(What is needed): Without the pictures, output all of the data exactly.

(Given data):

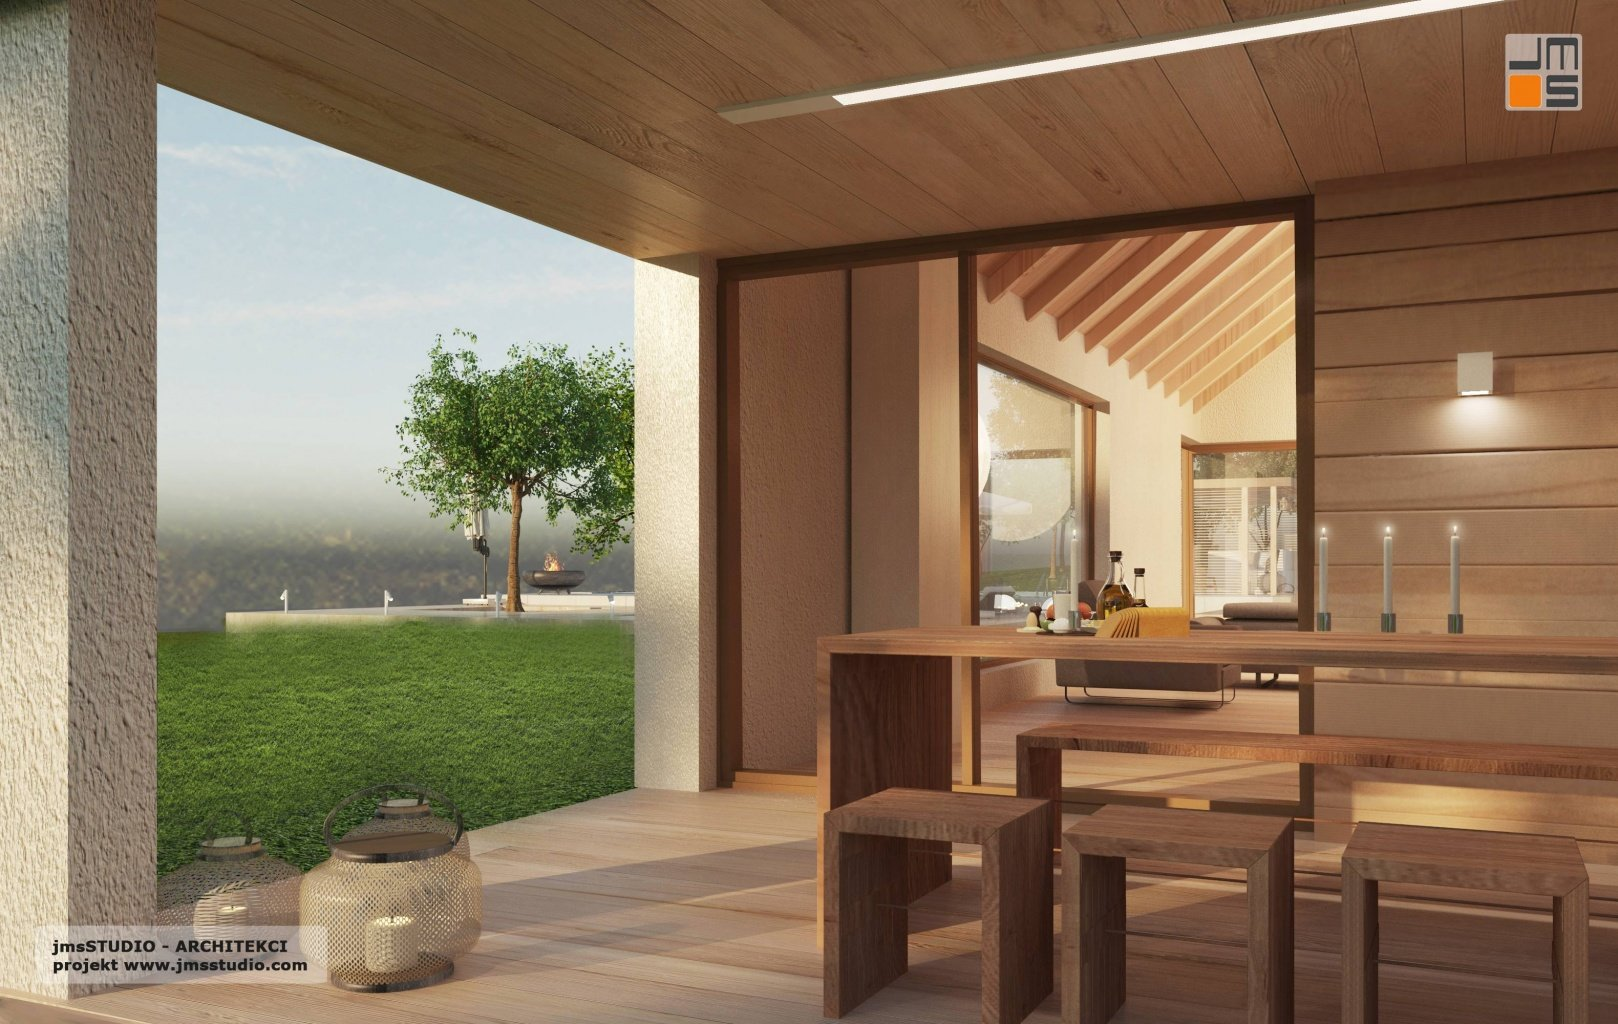 Projekt domu z nowoczesny taras drewniany z drewno na elewacji tarasowej z nowoczesne oświetlenie tarasu
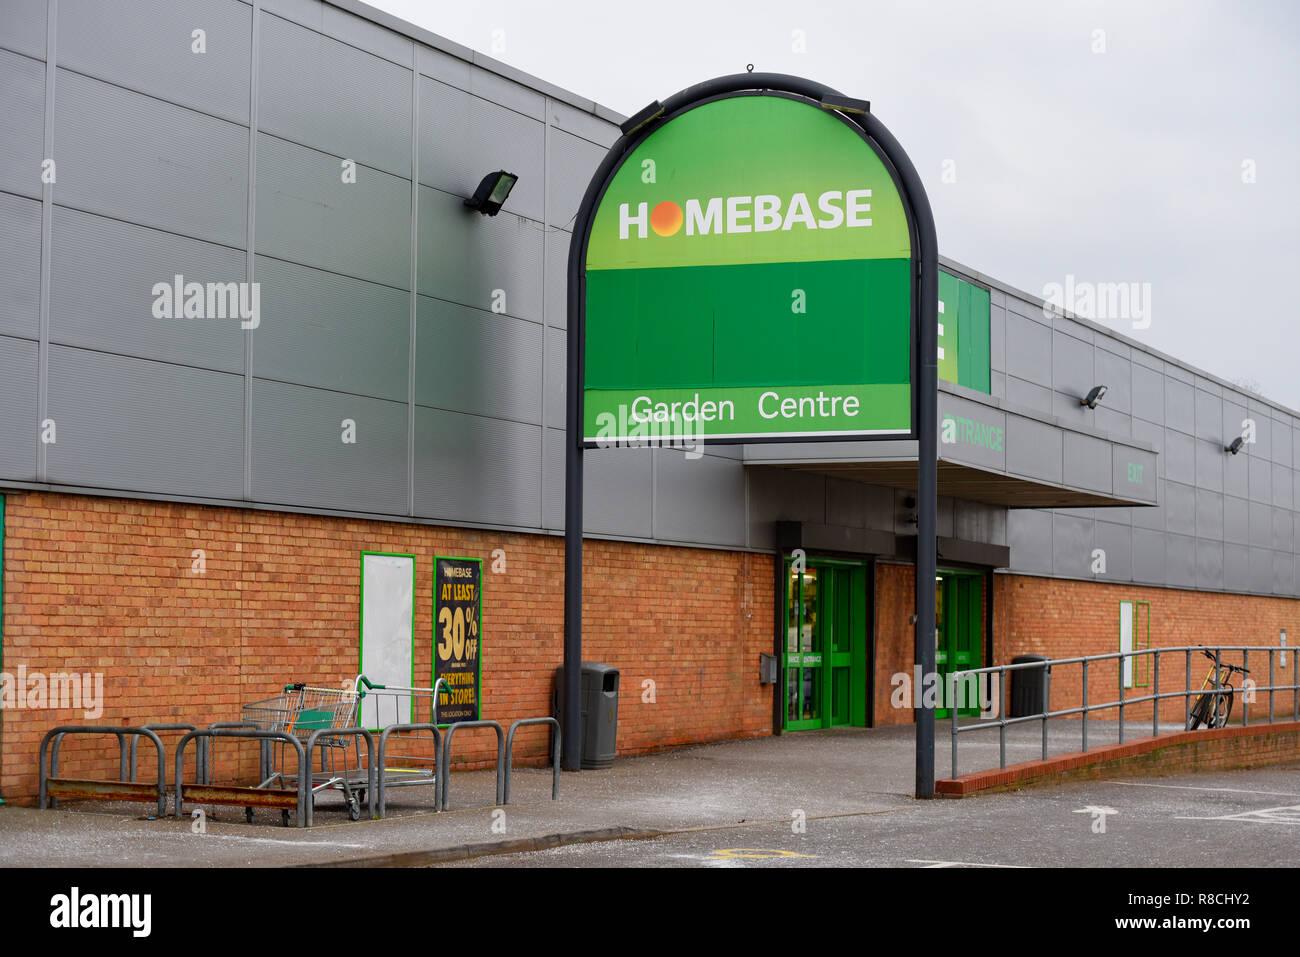 Homebase Store Retail Stock Photos & Homebase Store Retail
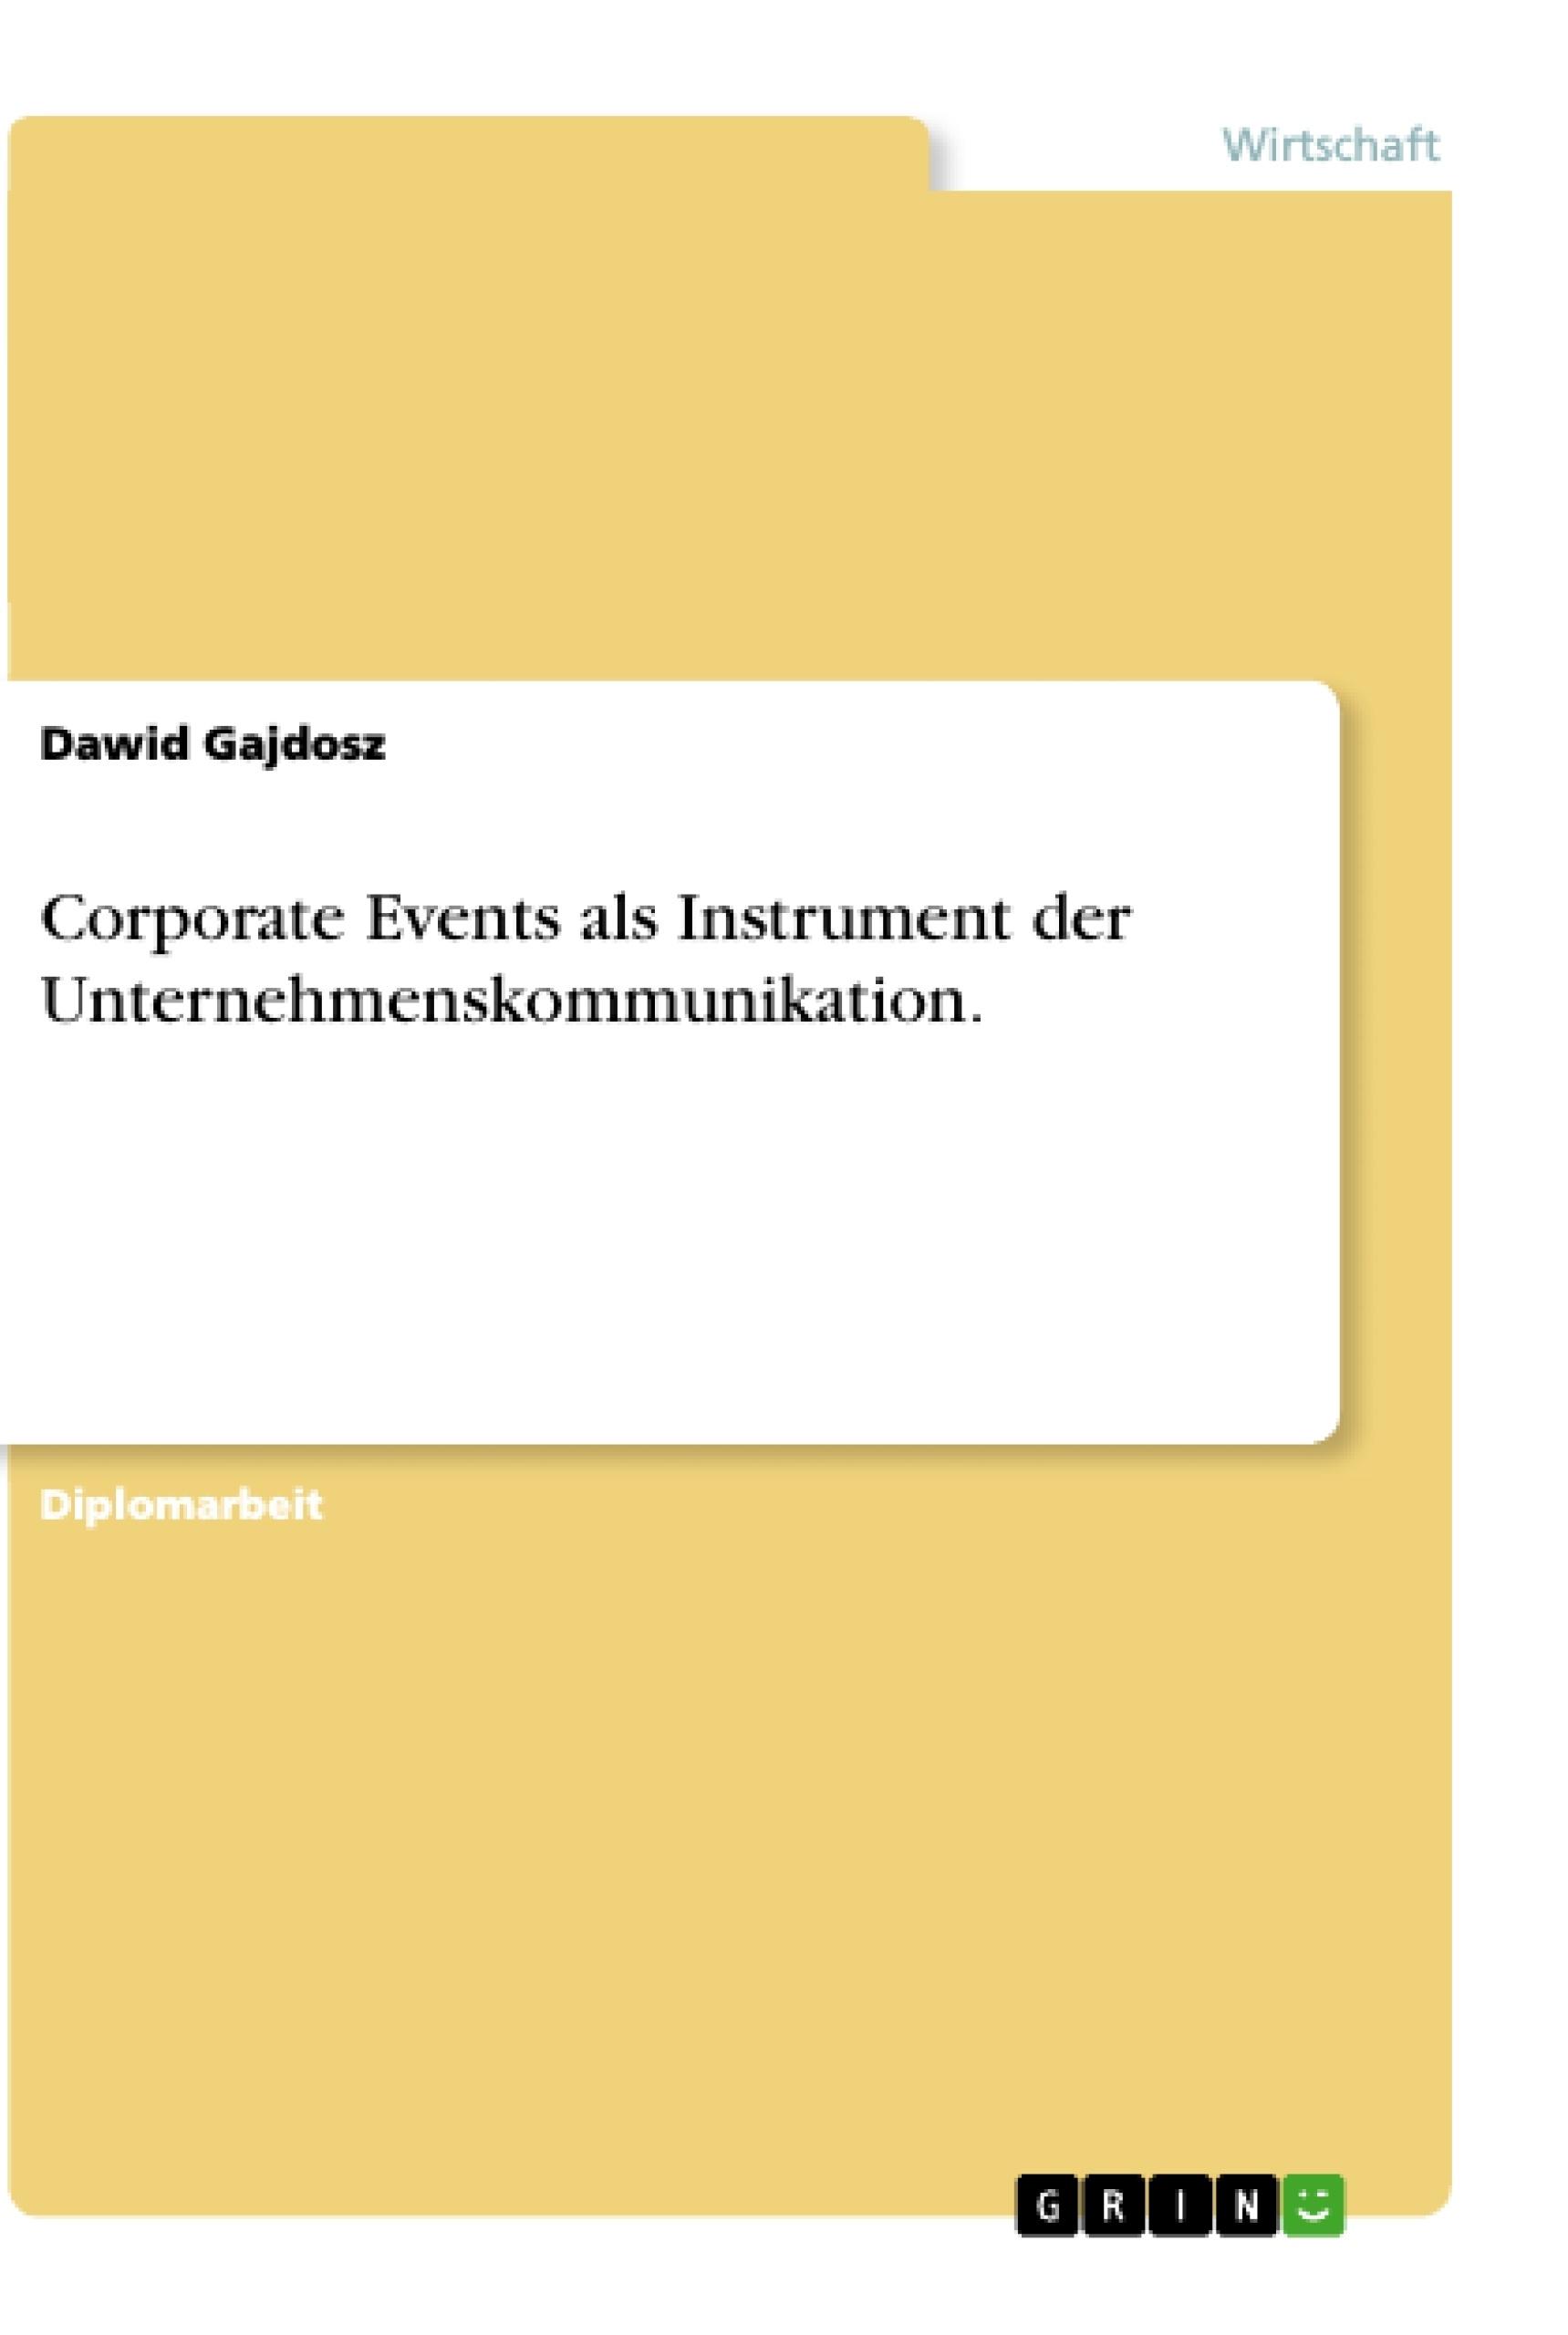 Titel: Corporate Events als Instrument der Unternehmenskommunikation.

(Task result):
 Projekt domu z nowoczesny taras drewniany z drewno na elewacji tarasowej z nowoczesne oświetlenie tarasu
 Homebase Store Retail Stock Photos & Homebase Store Retail
 Titel: Corporate Events als Instrument der Unternehmenskommunikation.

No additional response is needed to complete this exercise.